SOURCE DATA Start Marker

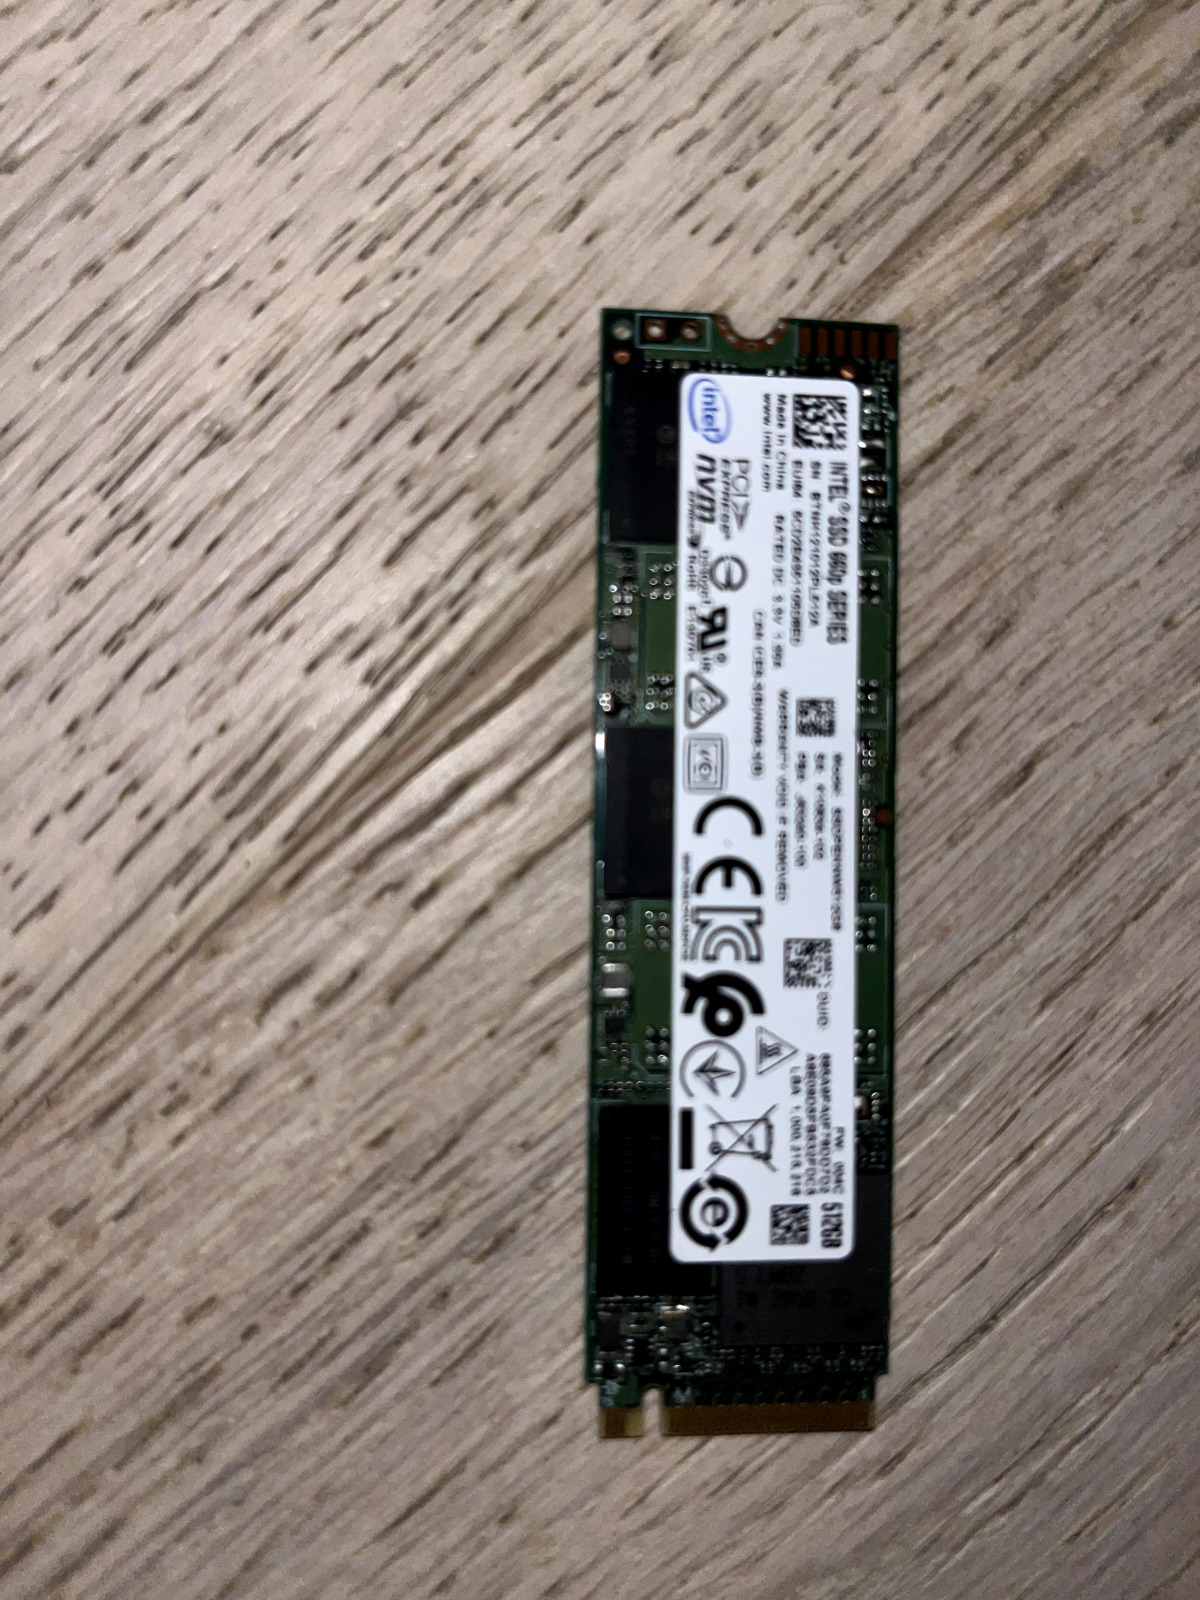 Intel 660p Series 512GB M.2 NVMe PCIe Gen3x4 SSD (SSDPEKNW512G8H)
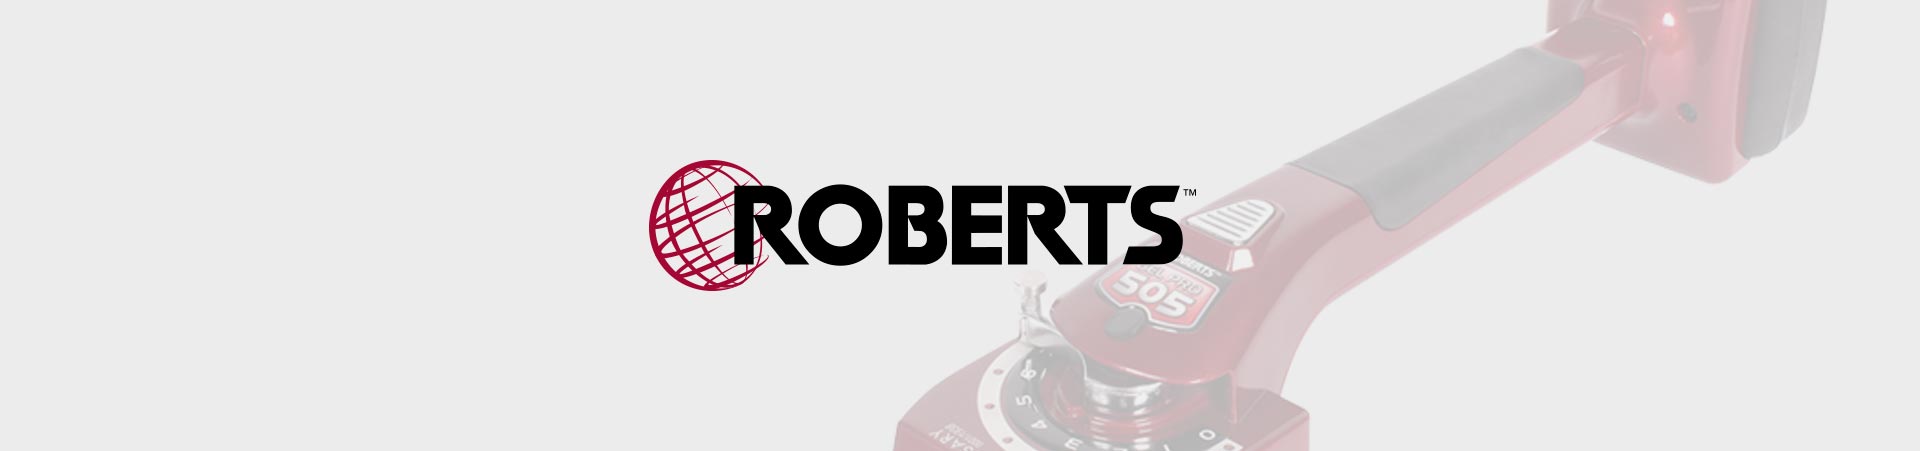 Roberts tools
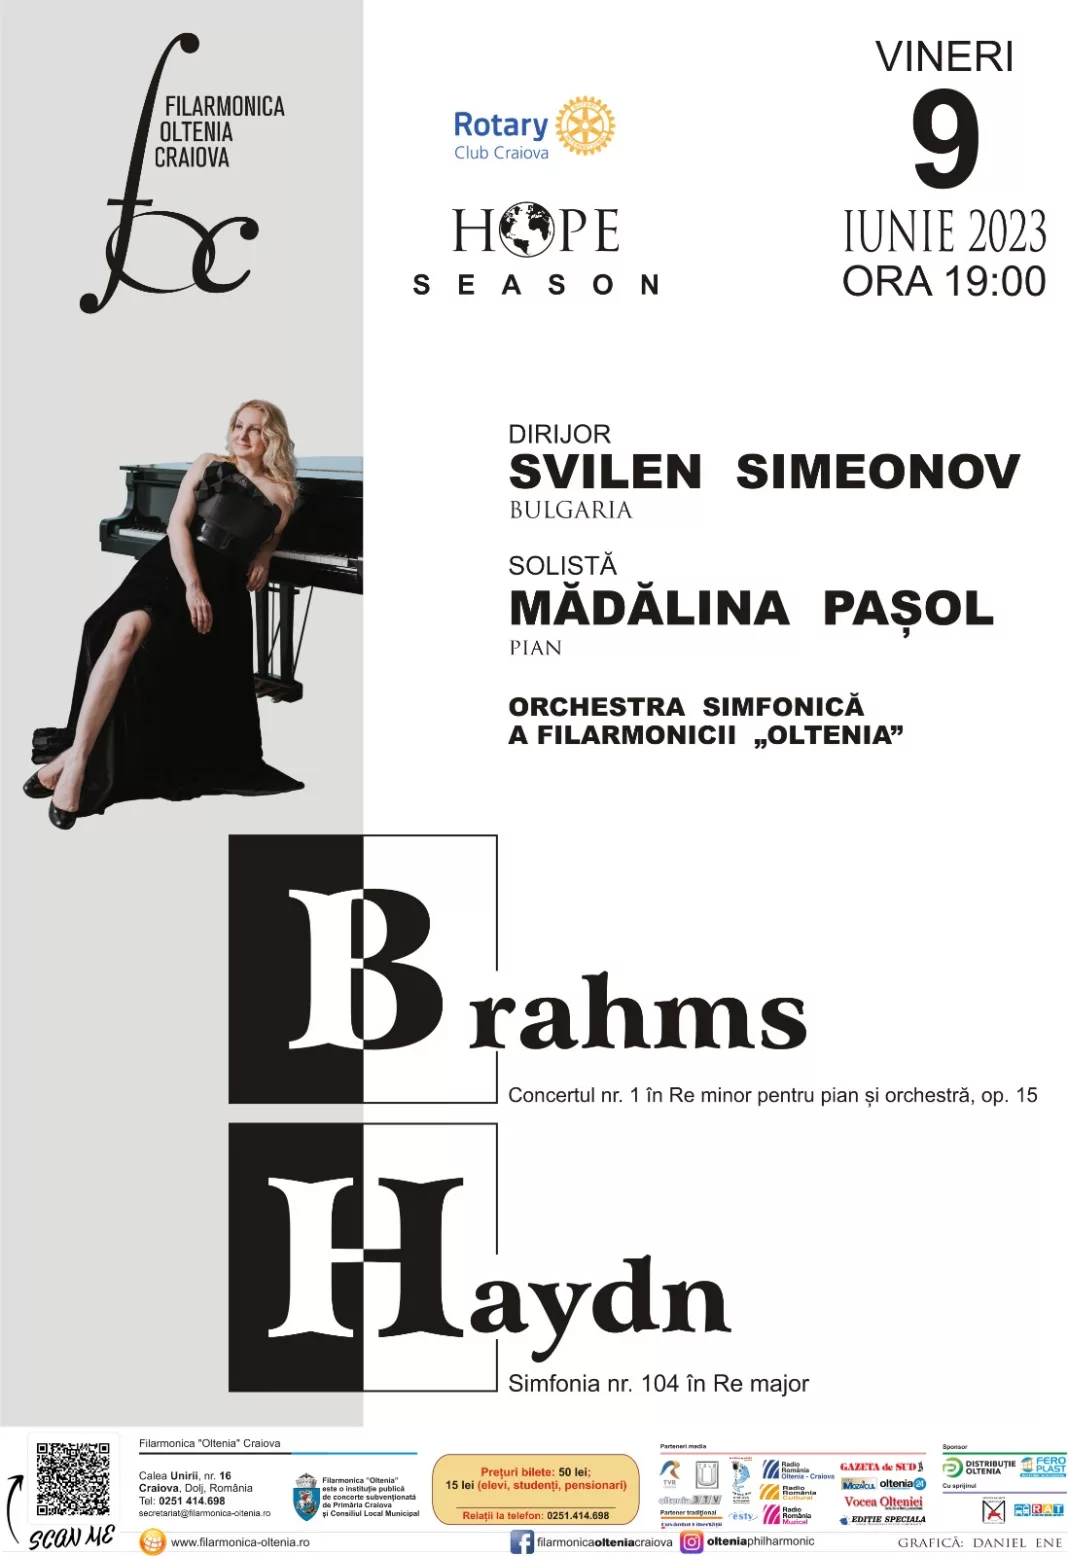 Orchestra Simfonică a Filarmonicii “Oltenia” va susţine vineri, de la ora 19.00, un Concert Brahms-Haydn, dirijor Svilen Simeonov, Bulgaria

SOURCE DATA End Marker

● **ABOUT THIS EXERCISE**:
Faithful copy, images left out: write out every line of data.

● **EXPECTED OUTPUT**:
 Intel 660p Series 512GB M.2 NVMe PCIe Gen3x4 SSD (SSDPEKNW512G8H)
 Roberts tools
 Orchestra Simfonică a Filarmonicii “Oltenia” va susţine vineri, de la ora 19.00, un Concert Brahms-Haydn, dirijor Svilen Simeonov, Bulgaria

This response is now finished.